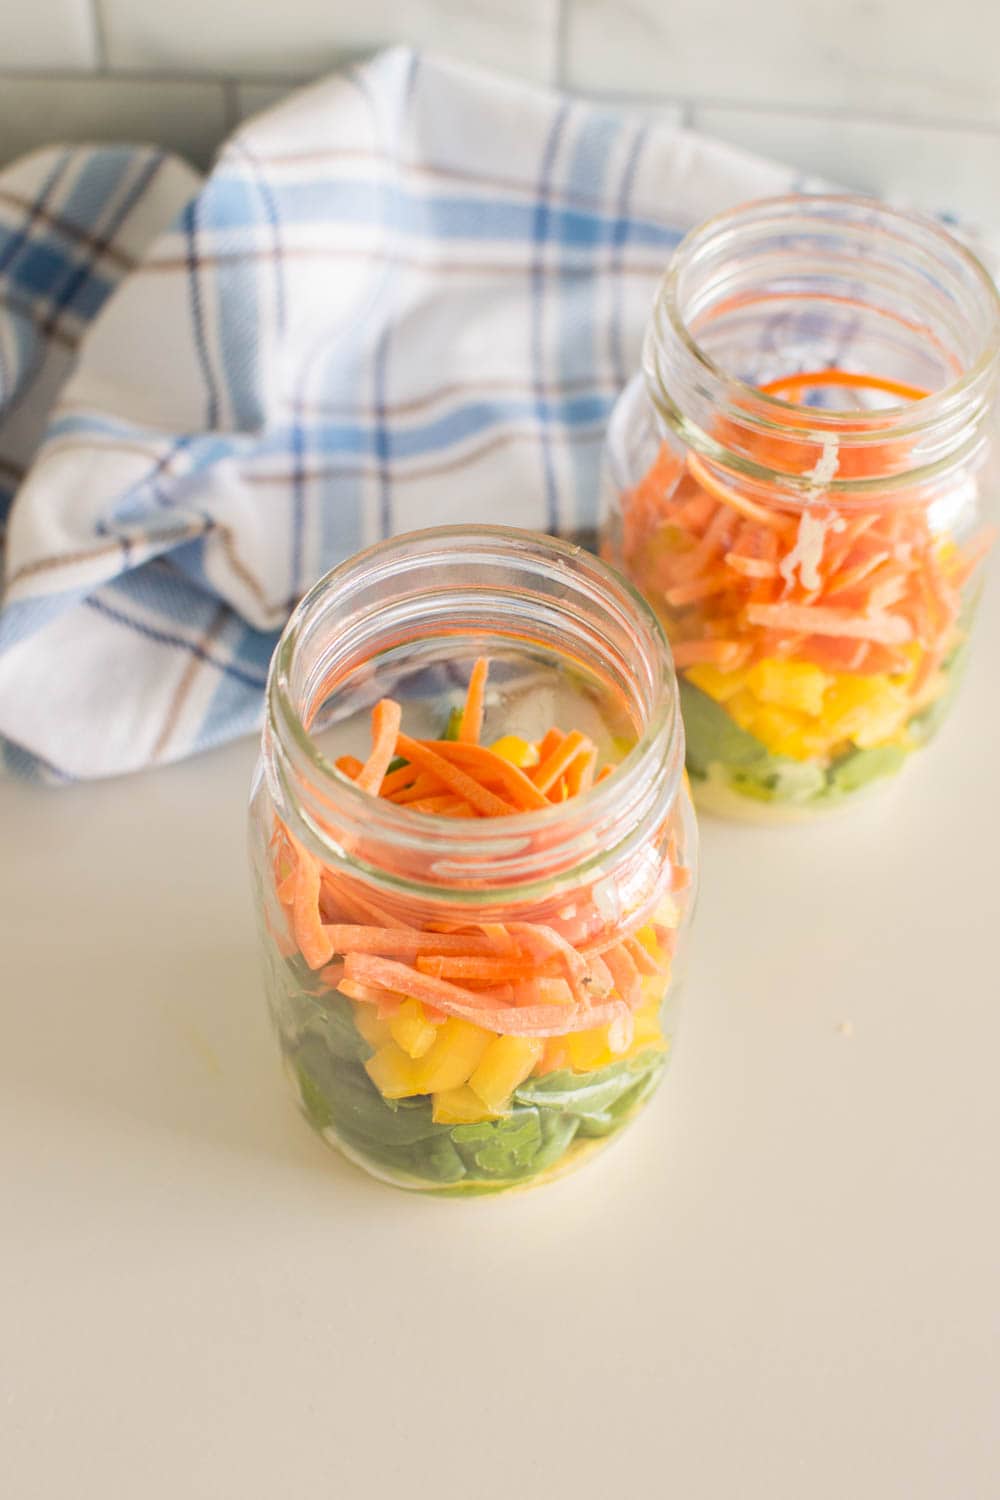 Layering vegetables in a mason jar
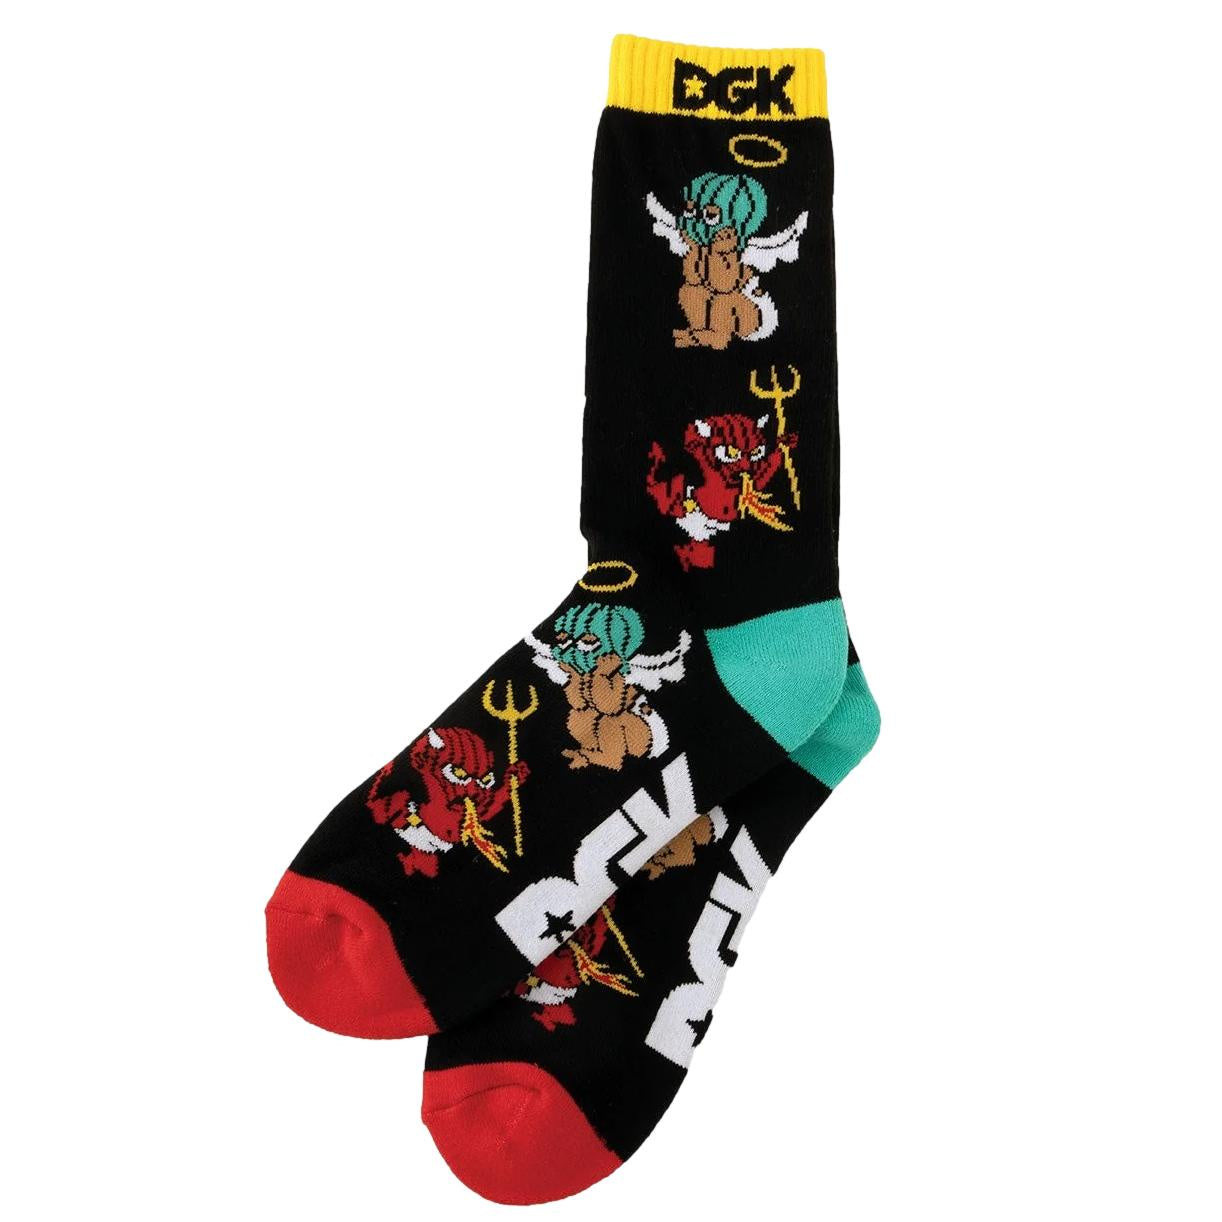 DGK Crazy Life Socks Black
_ _ _ _ _ _ _
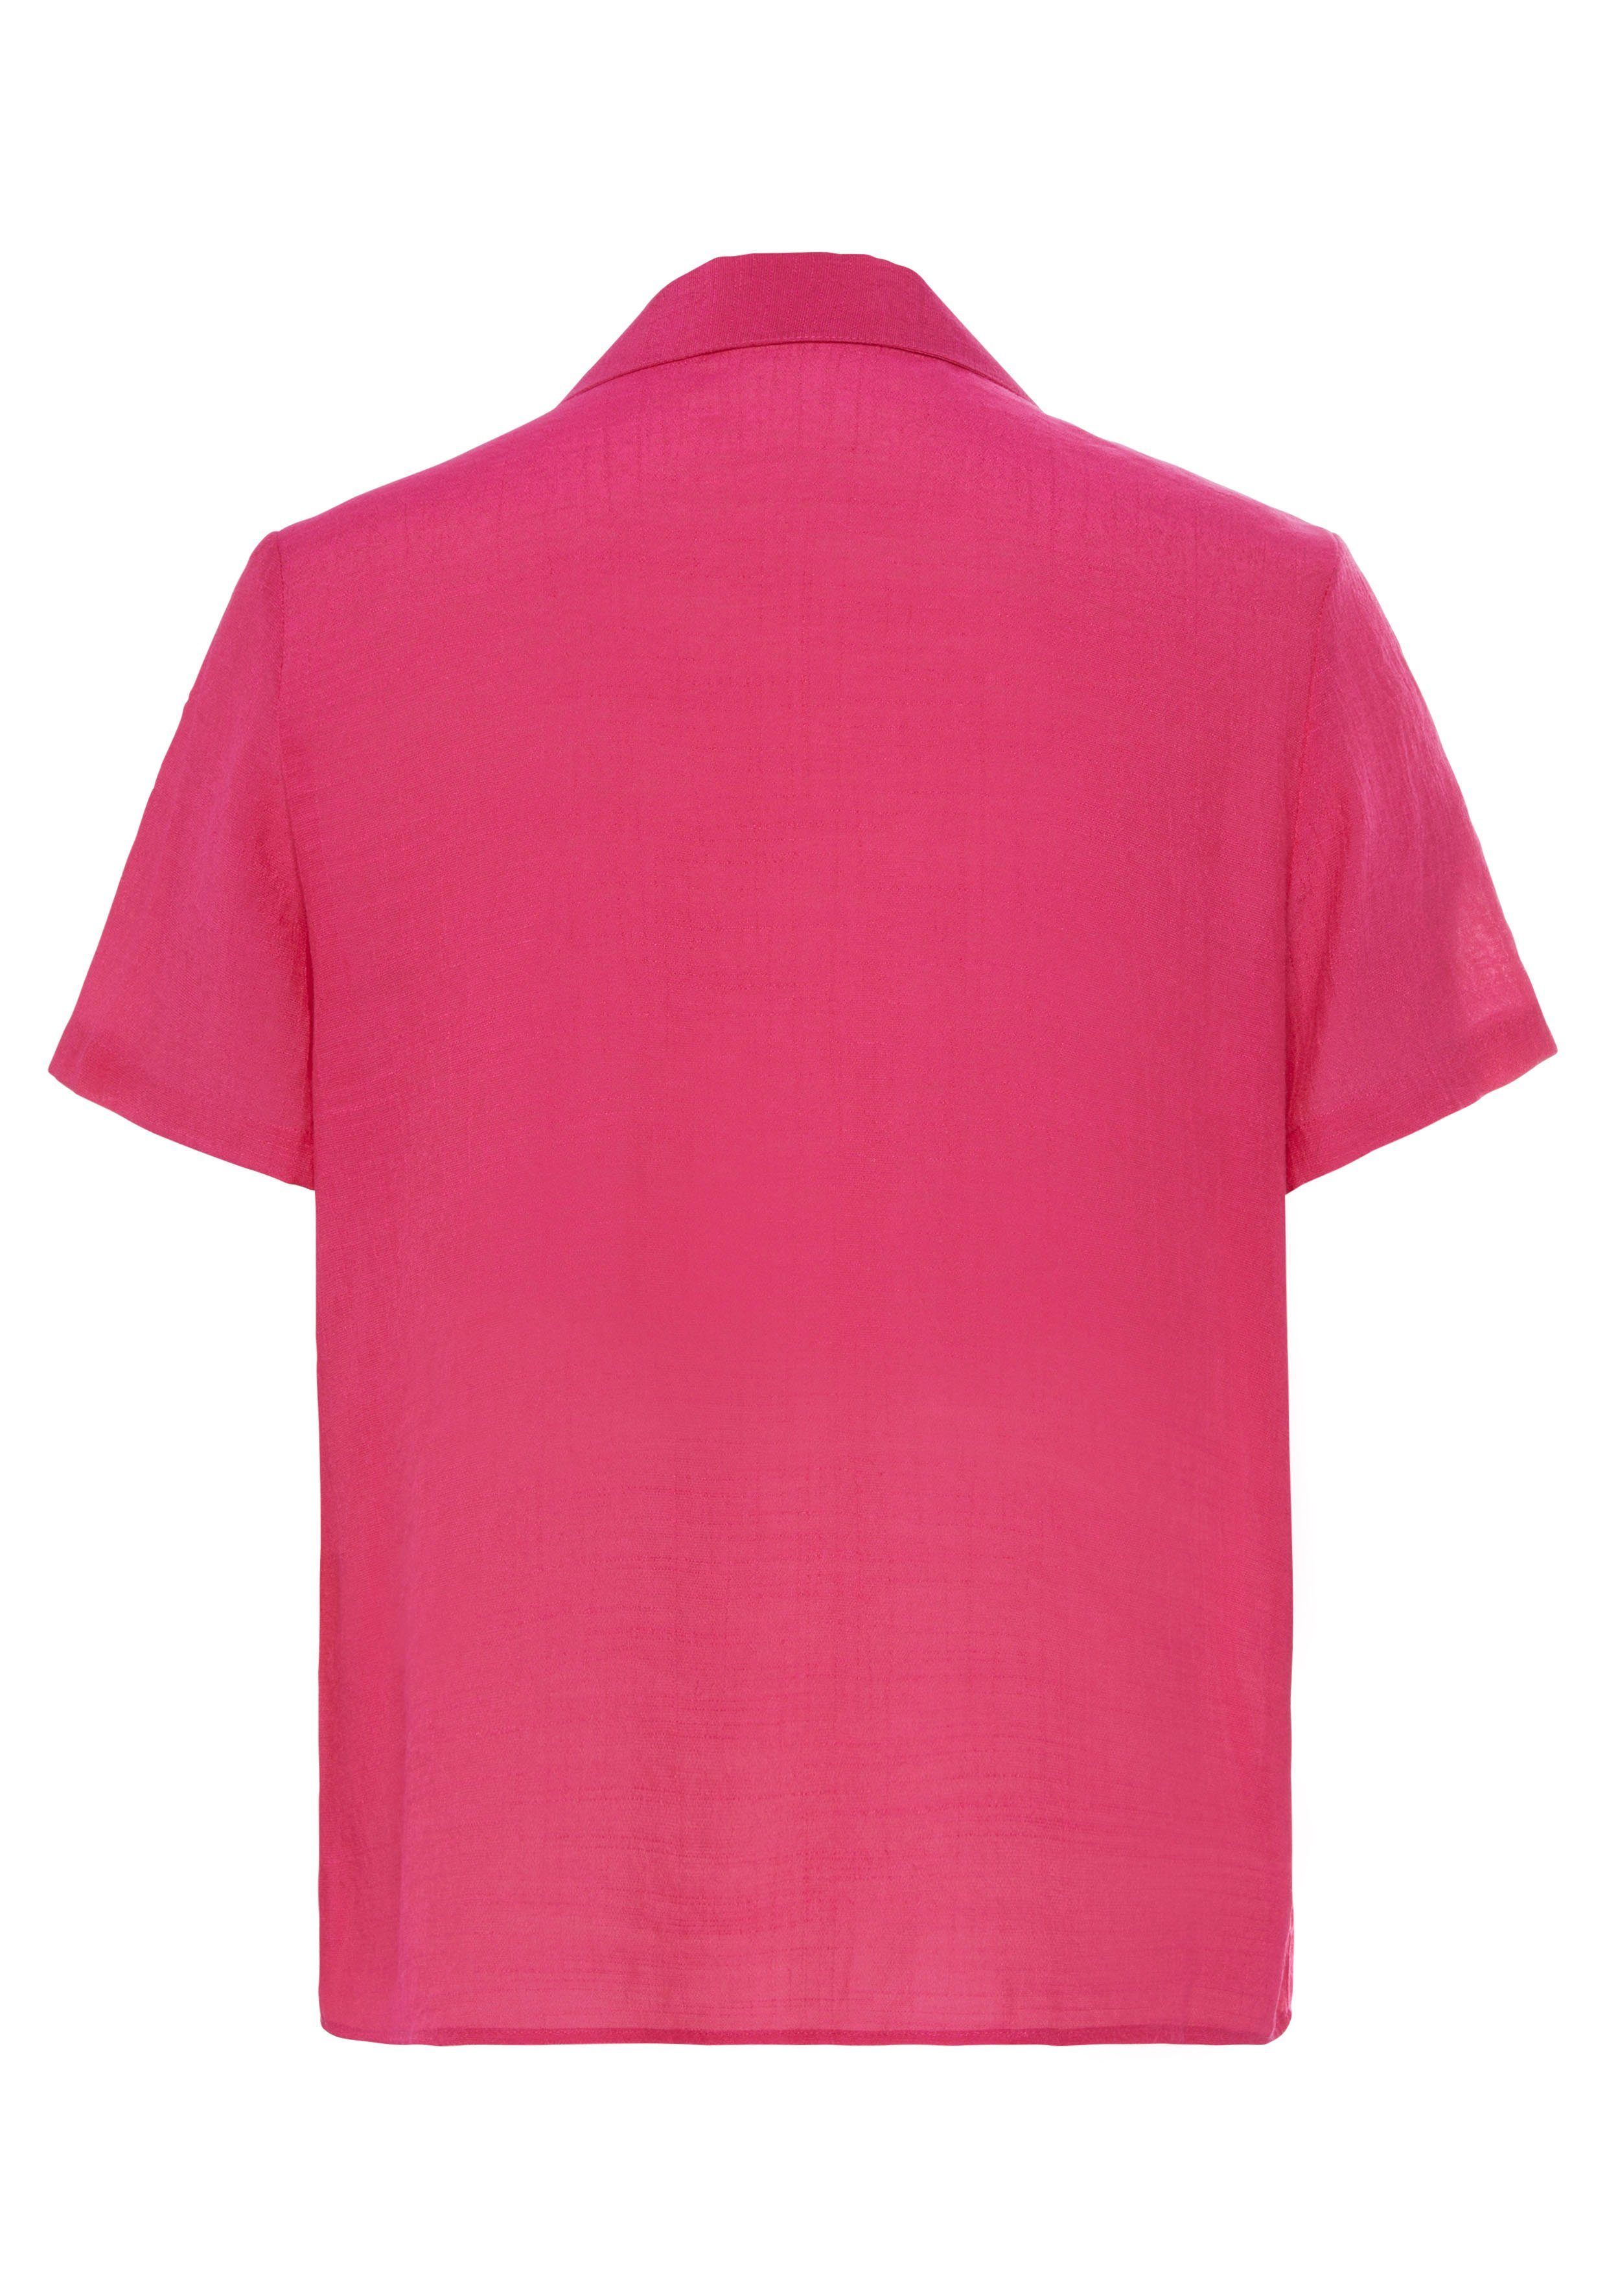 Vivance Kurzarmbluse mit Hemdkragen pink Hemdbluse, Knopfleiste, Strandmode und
_ _ _ _ _ _ _
# TASK DIRECTIONS
What is needed is an exact copy of only the lines above from the one with "Layering vegetables in a mason jar" to the one with "DGK Crazy Life Socks Black", both kept, with every picture left out.

# EXERCISE SOLUTION
 Layering vegetables in a mason jar
 DGK Crazy Life Socks Black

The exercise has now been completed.